I did my 1st system build in 09/2008, took some learning, a little head banging, but this site helped me. My system has worked great since then, not a problem, until yesterday when it just went dead...... and then restarted itself. Did the same thing today while I was just browsing the web. When it restarted I see the Mobo at 31 degrees, the CPU started at 37, then rose to 49, 50, 51. All fans are working & the Vcore was 1.12V. Then it did it again. 

My system has an Asus P5KC, Core2Duo e7200, Corsair XMS2 6400 2x1 Gb ram, Thermaltake 430W PS, and runs XP

This is pretty much exactly how my 5 year old compaq died. I never knew what that problem was, guessed the Mobo died. Any ideas on how to troubleshoot this or what the problem may be? Bob


----------



## linderman (May 20, 2005)

*Re: 15 months into new build...now problems*

*Thermaltake 430W PS* <<<< those "pure power" units are known junkers


thats your trouble IMHO

you need a unit like the Corsair VX550 watt or better yet Corsair 650-TX


----------



## Rcloughga (Sep 23, 2008)

*Re: 15 months into new build...now problems*

I bought the Thermaltake 430 for $39....before I read your warnings about the cheap ones. I hope thats it....off to Frys for a Corsair 650-TX...$99.

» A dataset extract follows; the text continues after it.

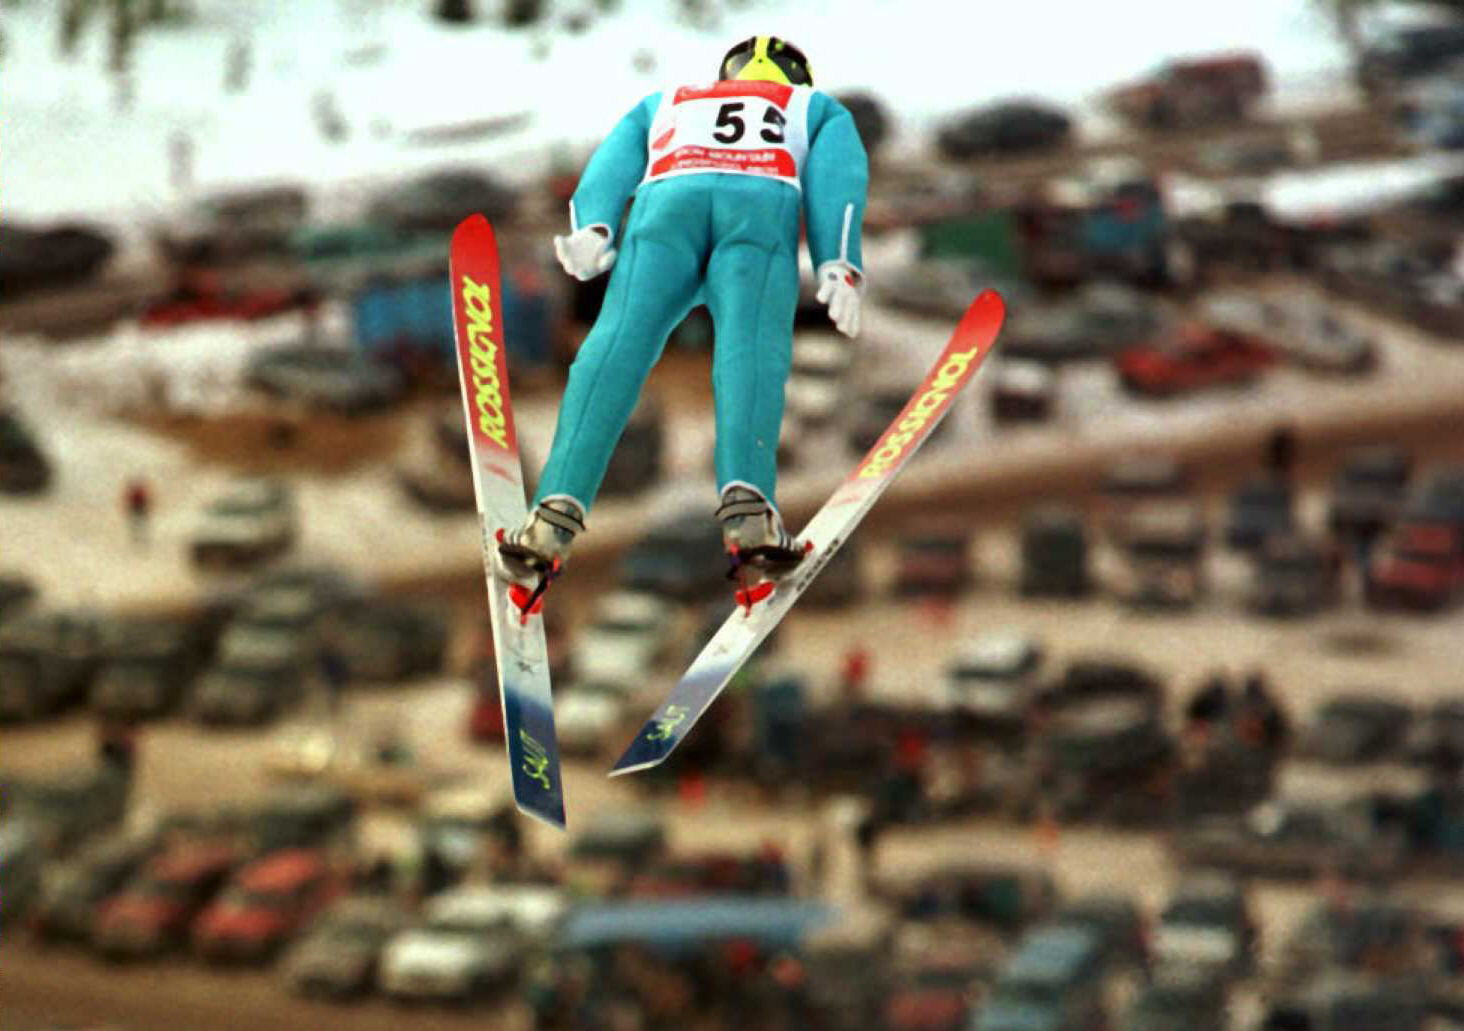 Iron Mountain last held a FIS Ski Jumping World Cup in 2000 ©Getty Images

Thanks for your suggestion.


----------



## Tumbleweed36 (May 14, 2005)

*Re: 15 months into new build...now problems*

Sure does sound like the issue to me also. You get what you pay for and at $39, you didn't pay for much.


----------



## Tyree (May 10, 2009)

*Re: 15 months into new build...now problems*

Total agreement with the PSU being the culprit.


----------



## Rcloughga (Sep 23, 2008)

*Re: 15 months into new build...now problems*

It appears all you guys were right....amazing huh? 
Put in the Corsair TX650W and all seems ok now. That Thermaltake 430 worked perfectly...for 15 months.... No wonder it had a 12m warranty and was $39. The Corsair's 5 yr warranty. Not fun spending another hundred for something as non-fun as a PSU, but I should be ok if it lasts til 2015.
THANKS GUYS!


----------



## Tumbleweed36 (May 14, 2005)

*Re: 15 months into new build...now problems*

You are most welcome, and that power supply will likely be around after the warranty expires. Hey, don't be a stranger on the forum, stick around and join the fun.


----------



## linderman (May 20, 2005)

*Re: 15 months into new build...now problems*

you are a lucky fella you learned a valuable lesson without attending a motherboard or hard drive funeral along with the power supply burial!

happy to hear you have things sorted


----------